Brief:
The data below should be restated word for word, with every picture omitted.

Source data:
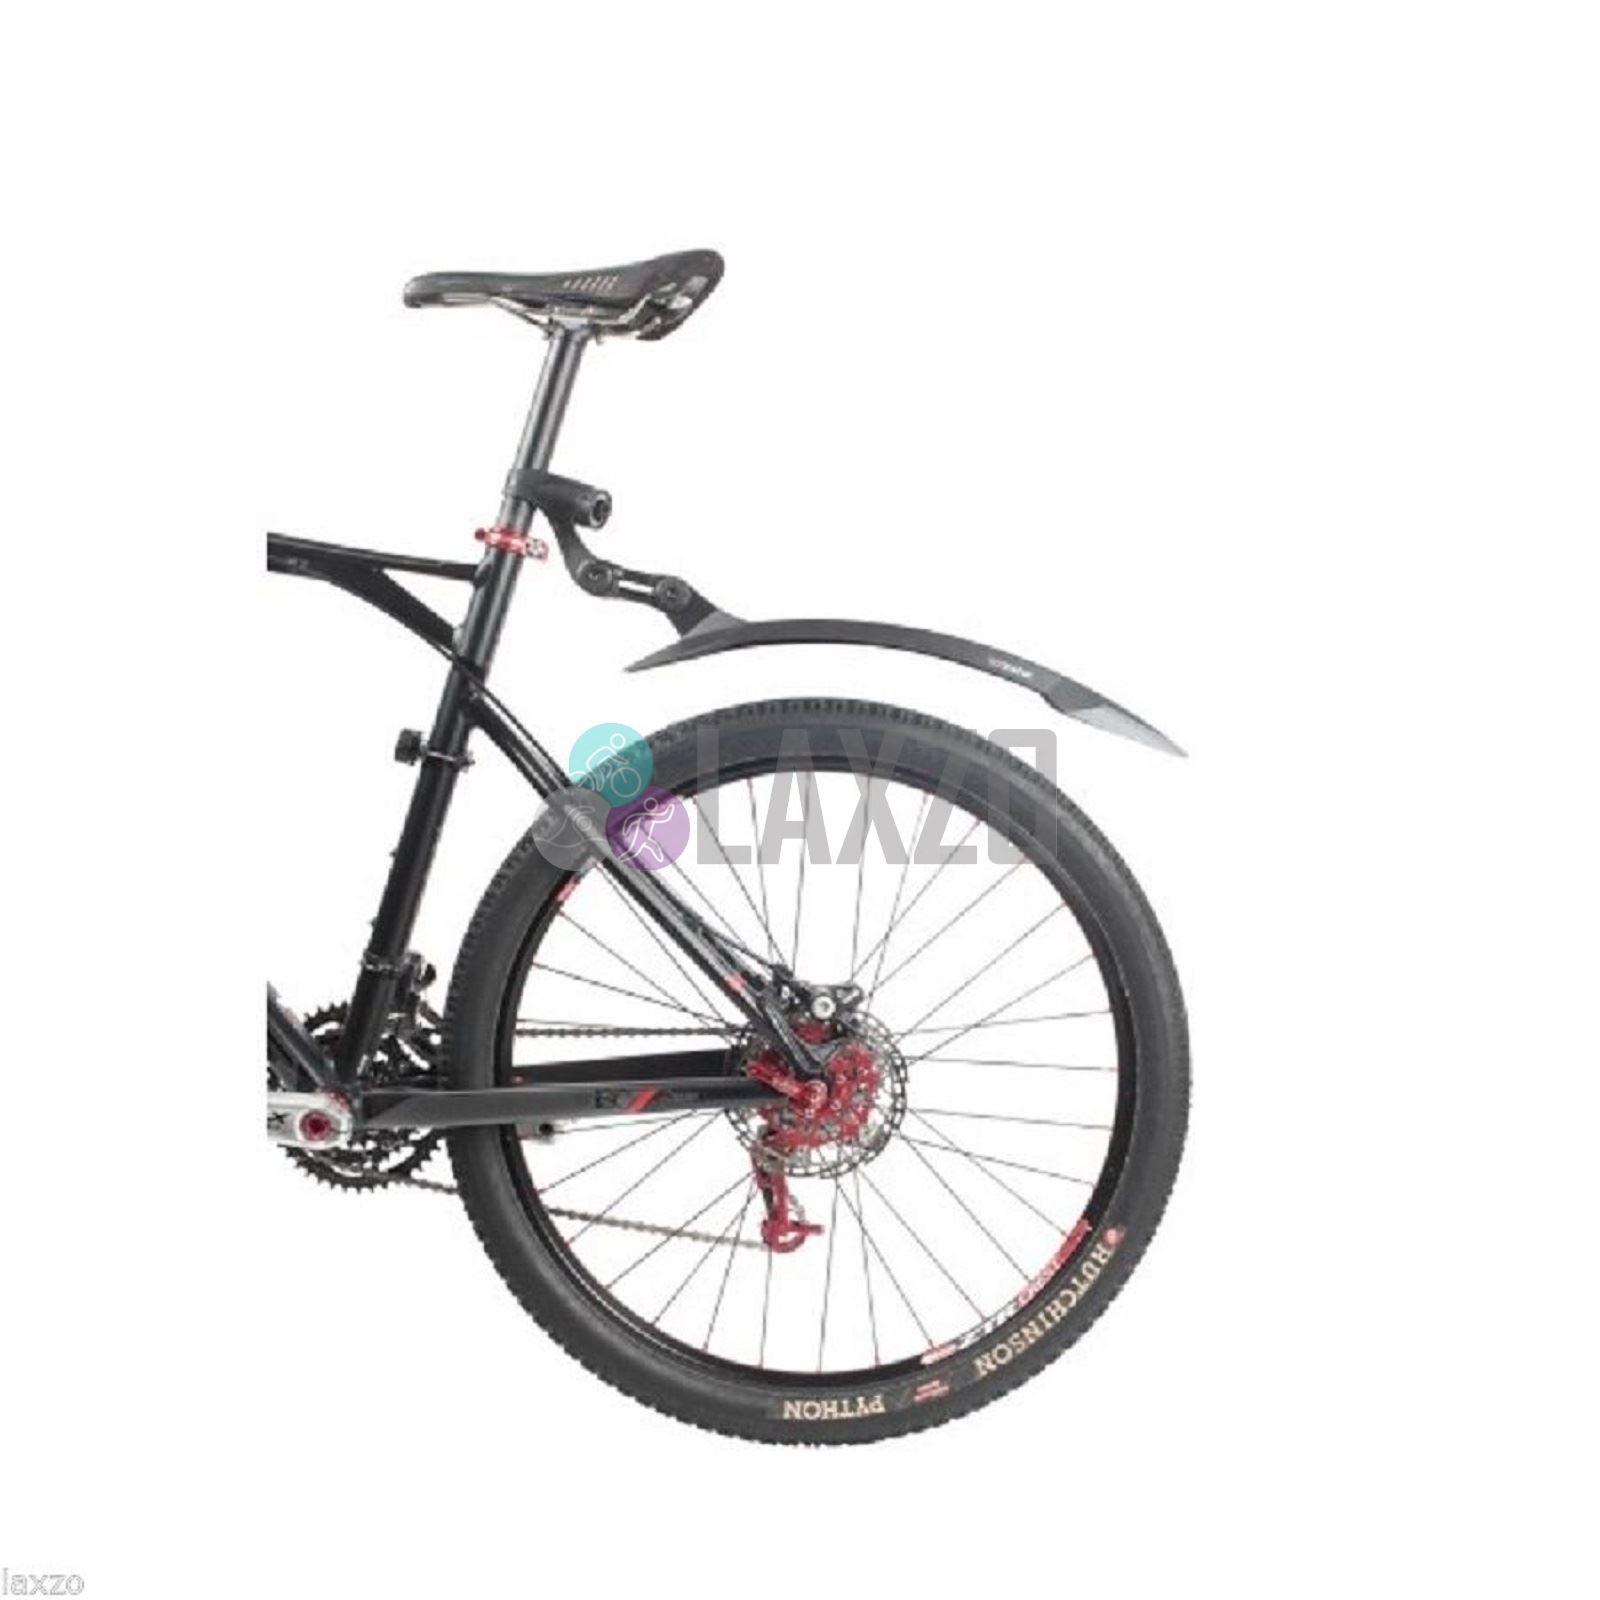 Zefal Deflector RM60 mountain bike rear fender
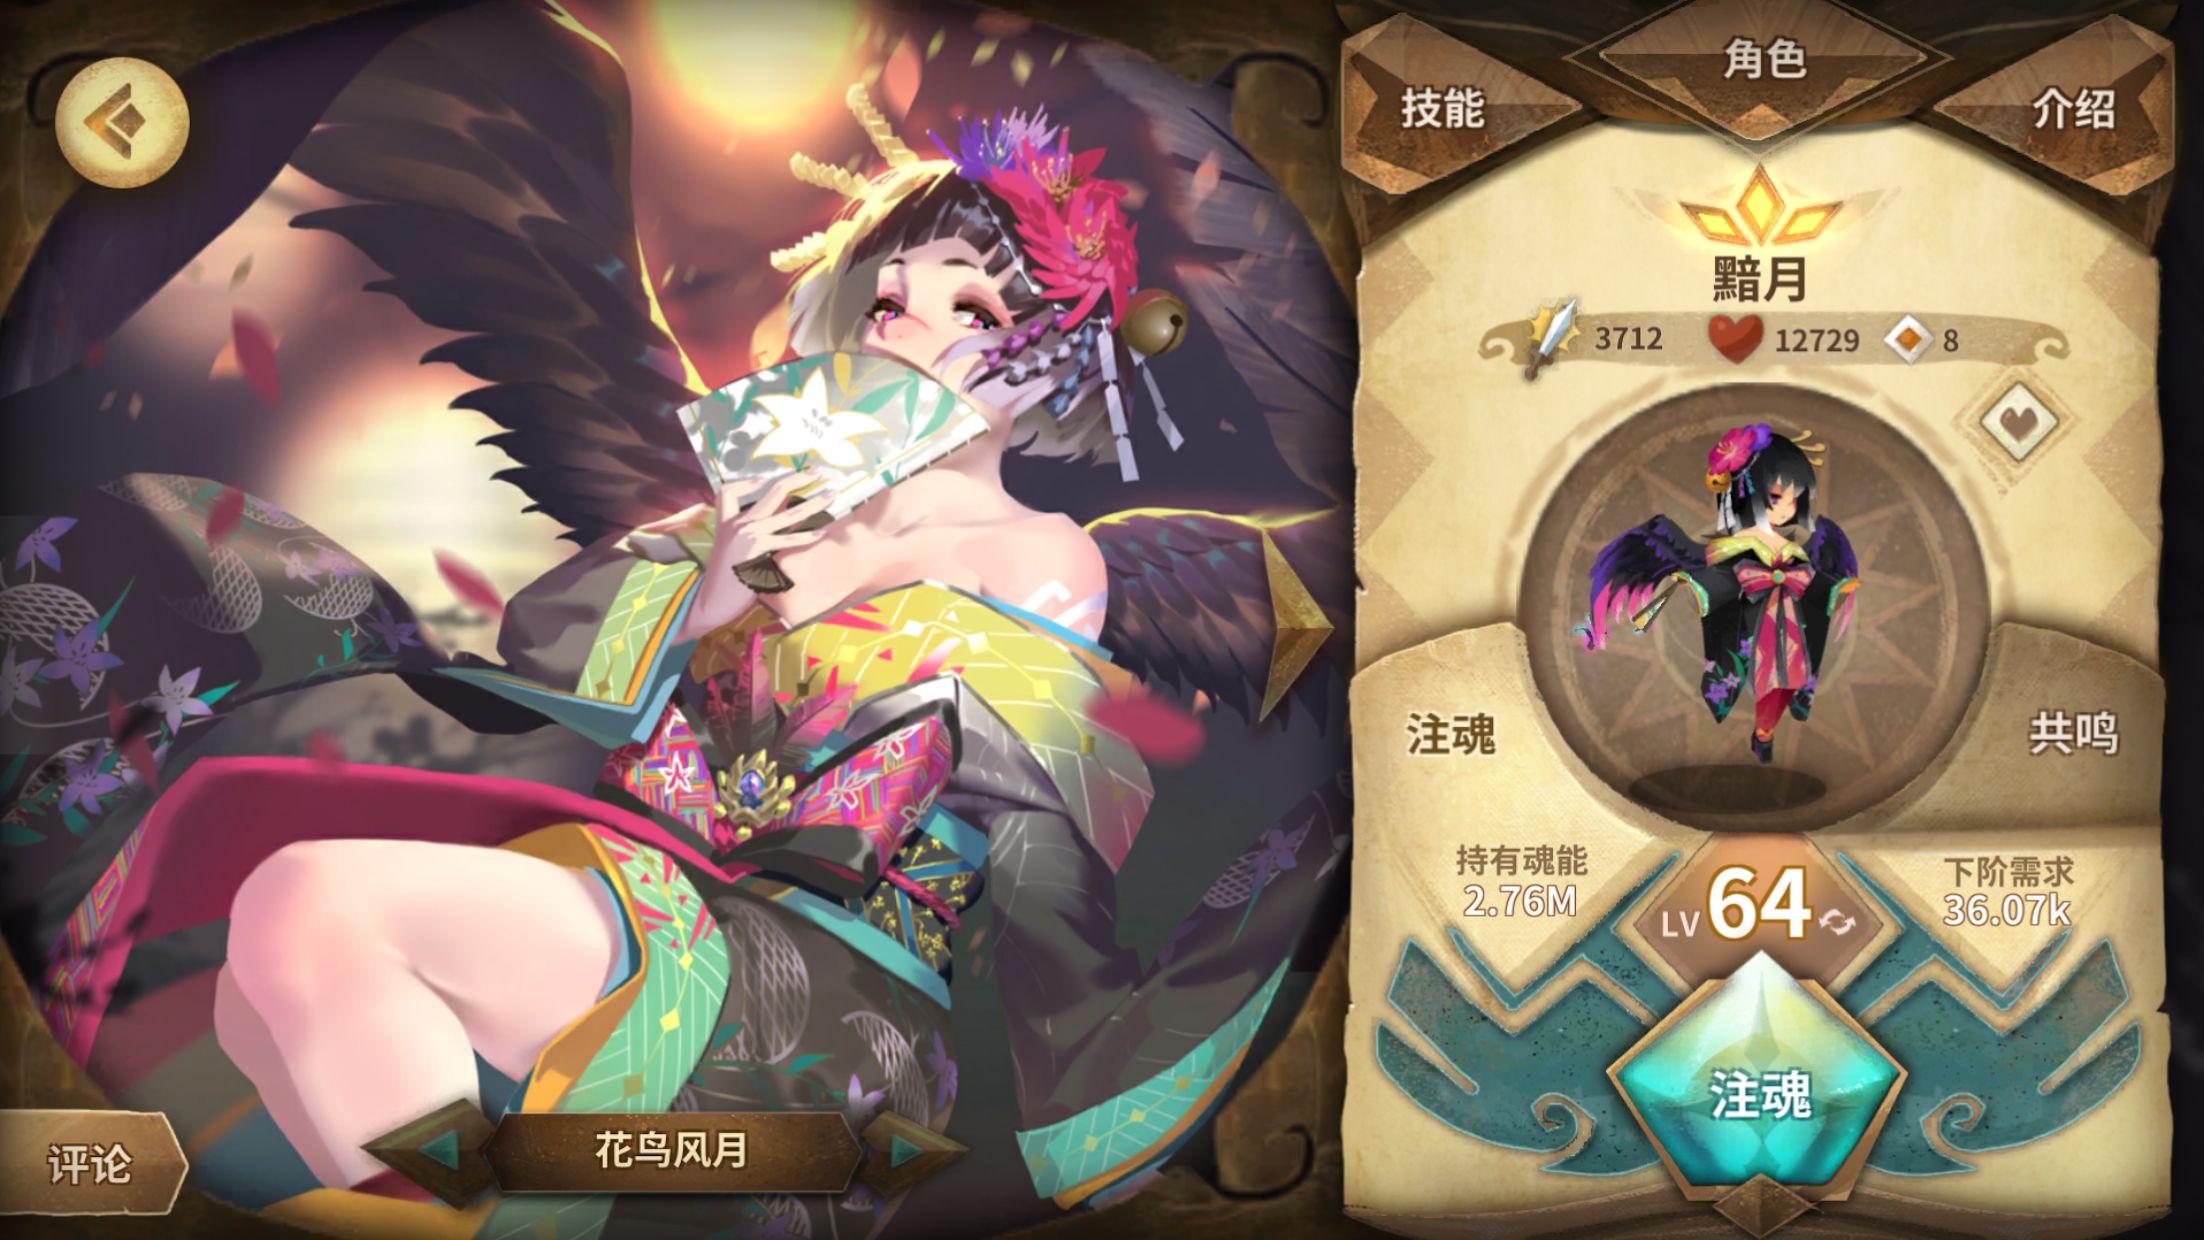 万象物语(国际版) 游戏截图2
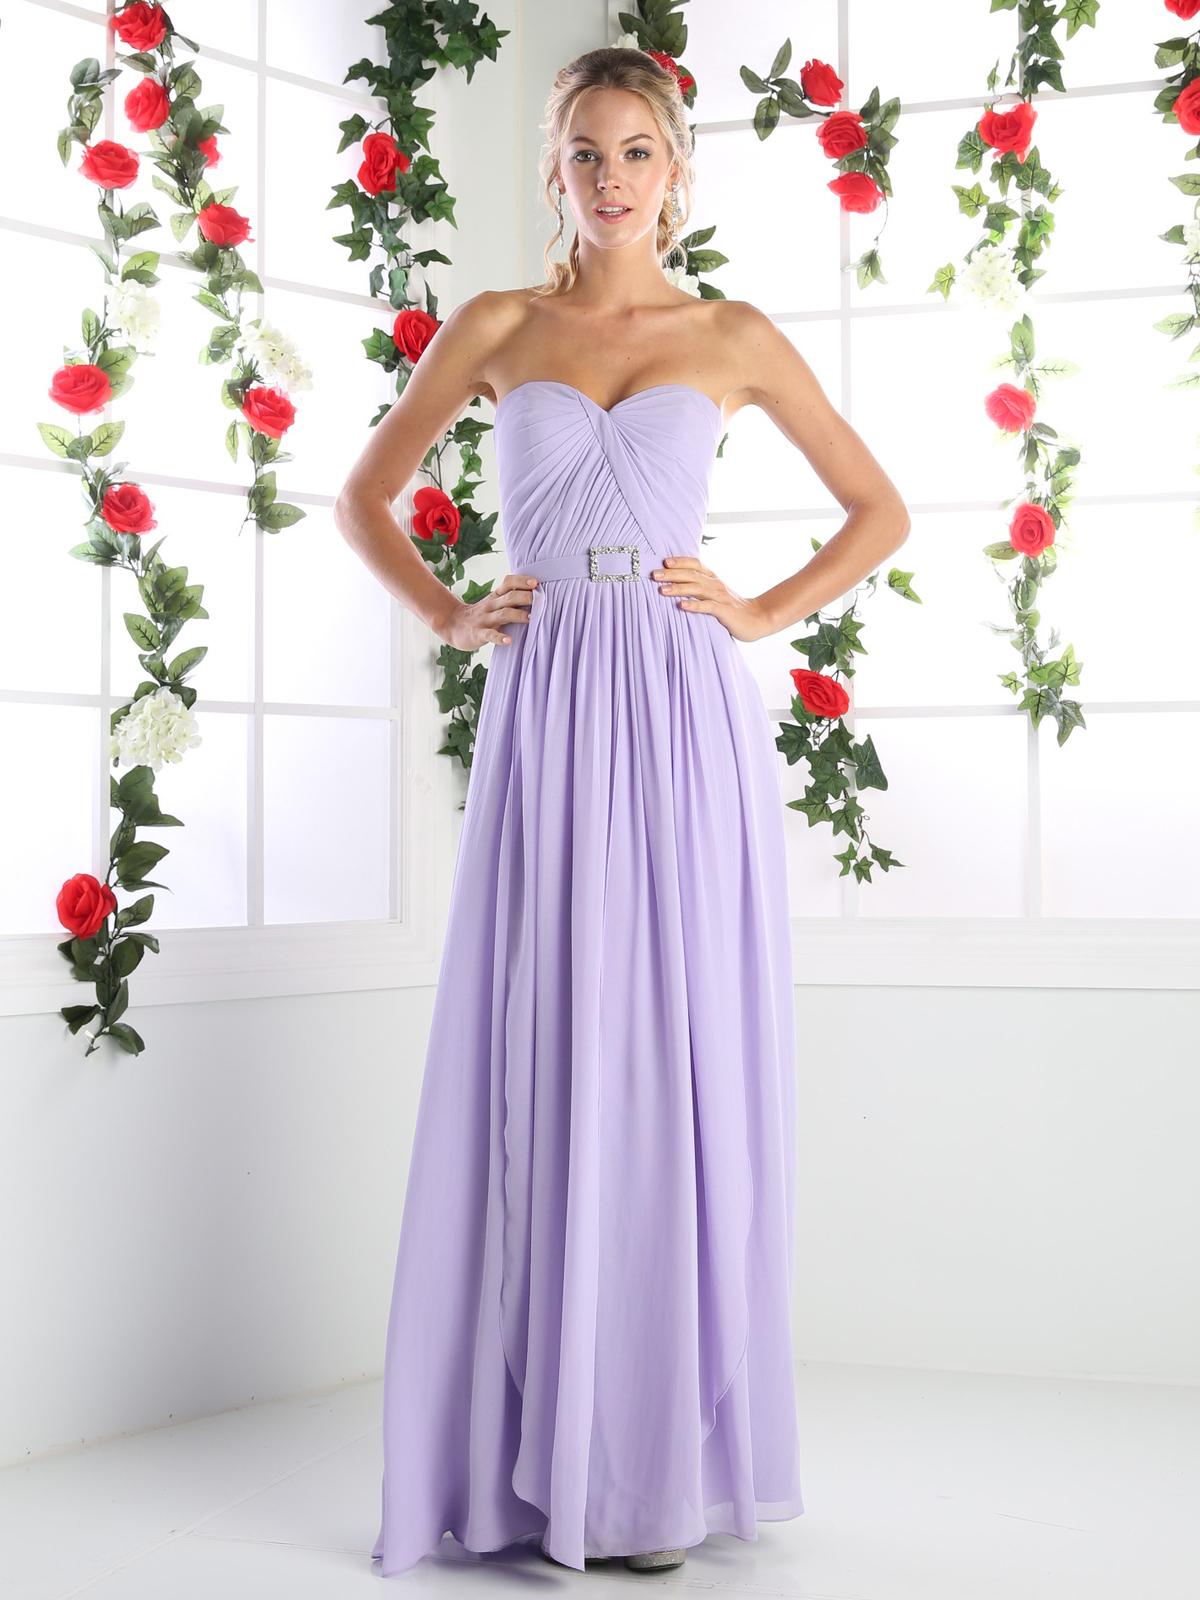 Encantador Sparkling Bridesmaid Dresses Modelo - Vestido de Novia ...

Exercise response:
 Zefal Deflector RM60 mountain bike rear fender
 万象物语(国际版) 游戏截图2
 Encantador Sparkling Bridesmaid Dresses Modelo - Vestido de Novia ...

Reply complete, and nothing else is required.